"""
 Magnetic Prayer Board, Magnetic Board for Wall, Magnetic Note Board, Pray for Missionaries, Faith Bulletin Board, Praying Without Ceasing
"""
"""
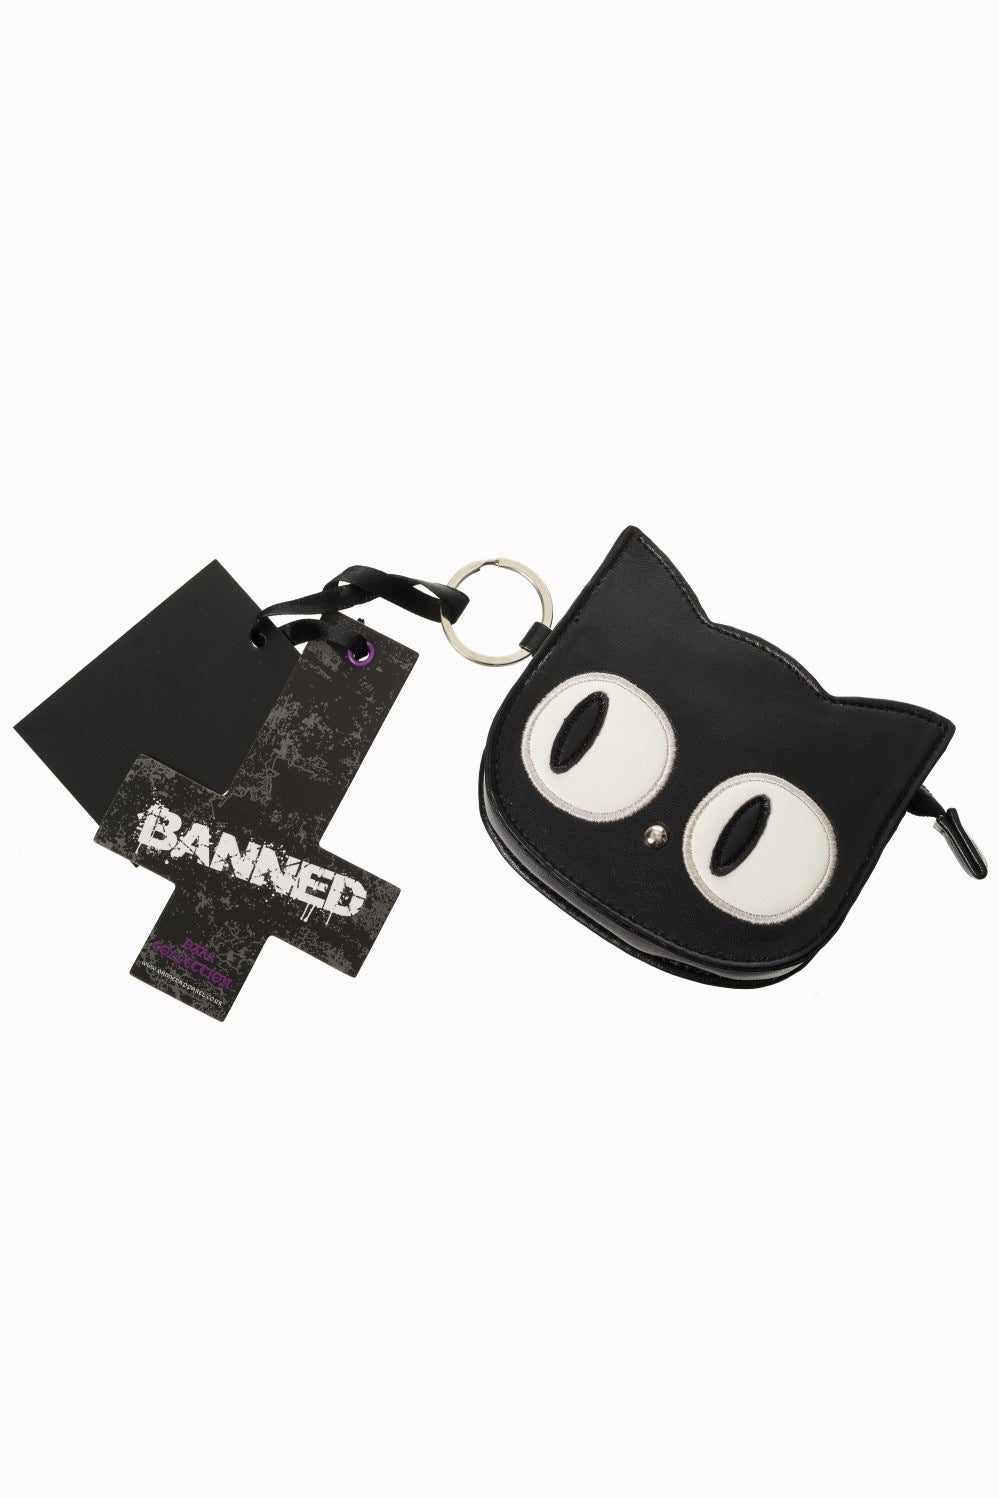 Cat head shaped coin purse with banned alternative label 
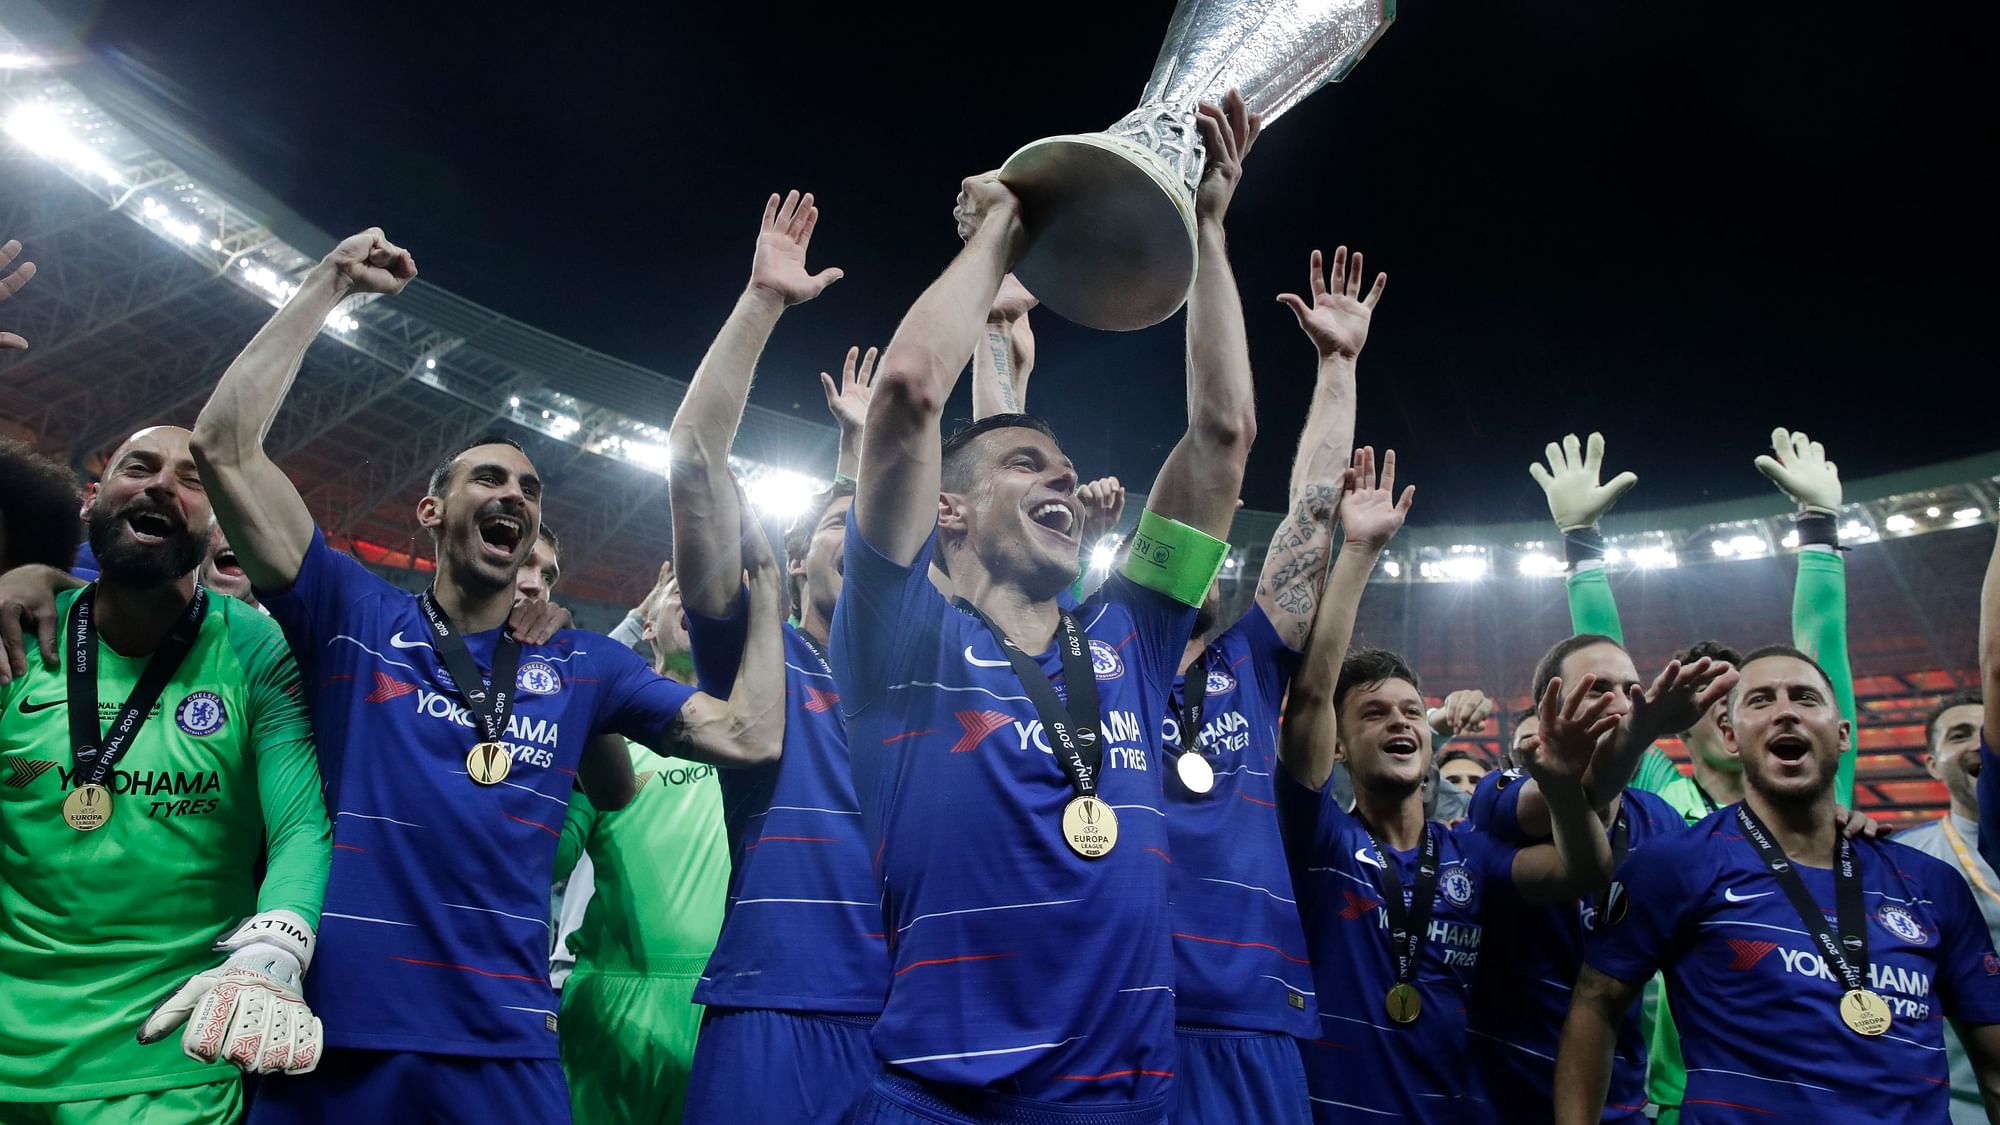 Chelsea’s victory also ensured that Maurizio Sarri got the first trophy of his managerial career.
"""
Your answer must be everything above from the line with "Cat head shaped" down to the line with "Chelsea’s victory also", word for word, and no pictures.

 Cat head shaped coin purse with banned alternative label 
 Chelsea’s victory also ensured that Maurizio Sarri got the first trophy of his managerial career.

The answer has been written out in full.